Saturday, April 01, 2006

Court’s memorandum decision, not its subsequent order, was final judgment for purposes of appeal

To appeal a district order, one must file a notice of appeal with thirty days of the final judgment. The thirty-day period is jurisdictional, and appeals are often dismissed for lack of jurisdiction on the ground that the notice of appeal was filed late. Sometimes a notice is late because a party chooses not to appeal and then gets buyer’s remorse. But often, the notice of appeal is late because the attorney misjudges when exactly the final judgment occurred. It’s not hard to screw up, as the following case illustrates.

Code v. Utah Dep’t of Health, 2006 UT App 113

On January 10, 2005, the trial court dismissed Code’s complaint with prejudice in a signed memorandum decision. At the end of the decision, the court stated, “For the reasons stated above, the Court dismisses Plaintiff’s claim.” Sounds final right. The court of appeals thought so. It dismissed Code’s appeal because notice of appeal was not filed until March 8, 2005, almost two months after entry of the memorandum decision.

But the trial court had signed an order of dismissal on Febraury 25, 2005, after the memorandum decision, and Code’s notice of appeal was timely from that order. The court of appeals held, however, that the February 25th order did not restart the time to appeal because it did nothing to alter the substantive rights of the parties. It merely reiterated the dismissal already in effect.

Code claimed that she was merely following rule 7(f)(2), Utah Rules of Civil Procedure, which states:
Unless the court approves the proposed order submitted with an initial memorandum, or unless otherwise directed by the court, the prevailing party shall, within fifteen days after the court’s decision, serve upon the other parties a proposed order in conformity with the court’s decision. Objections to the proposed order shall be filed within five days after service. The party preparing the order shall file the proposed order upon being served with an objection or upon expiration of the time to object.

The court of appeals held that rule 7(f)(2) is merely the default rule in case the trial court order does not specify which party should prepare the final order. In this case, the court explained, the memorandum decision made clear that it was the final judgment.

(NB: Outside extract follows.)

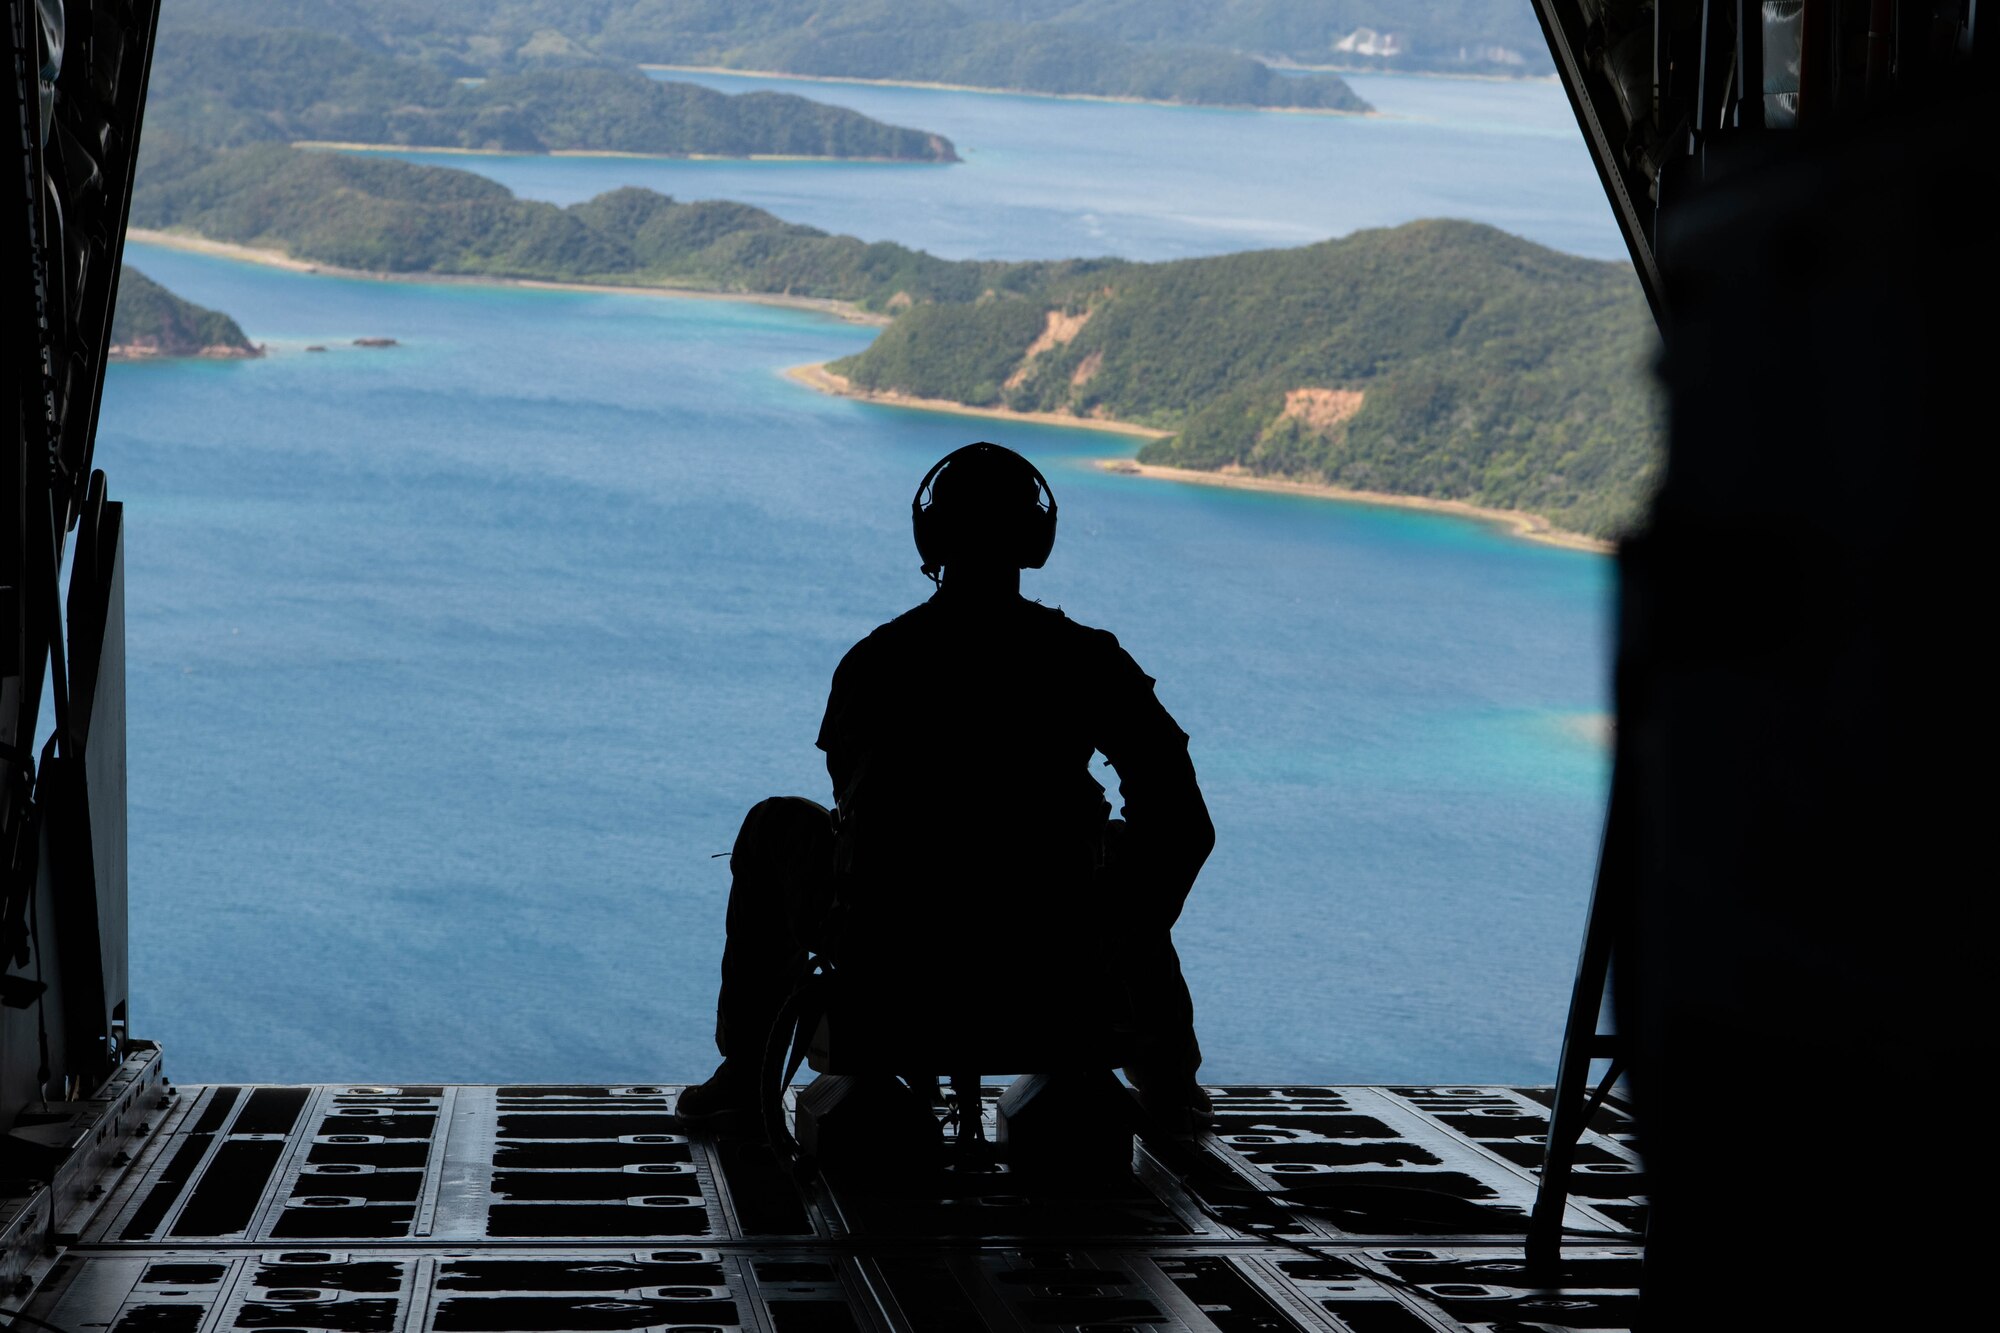 An Airman looks out the back of an aircraft during flight.

The court of appeals does not give us enough facts in its decision to guess at whether Code genuinely thought she was following rule 7(f)(2), or if she was just trying to restart the time to appeal because she hadn’t filed her notice on time. I’ve seen both happen. I believe that fairness, however, dictates that our appellate courts construe final judgments and orders in favor of the appealing party. A party should not be denied their appeal merely because their attorney guessed wrong about which act of the district court constituted the final judgment under rule 3, Utah Rules of Appellate Procedure. But until some higher court agrees with me, the best advice is to file your notice of appeal as soon as you have something in writing that looks like a final judgment. If your notice turns out to be premature, it will still be timely under rule 4(c), Utah Rules of Appellate Procedure.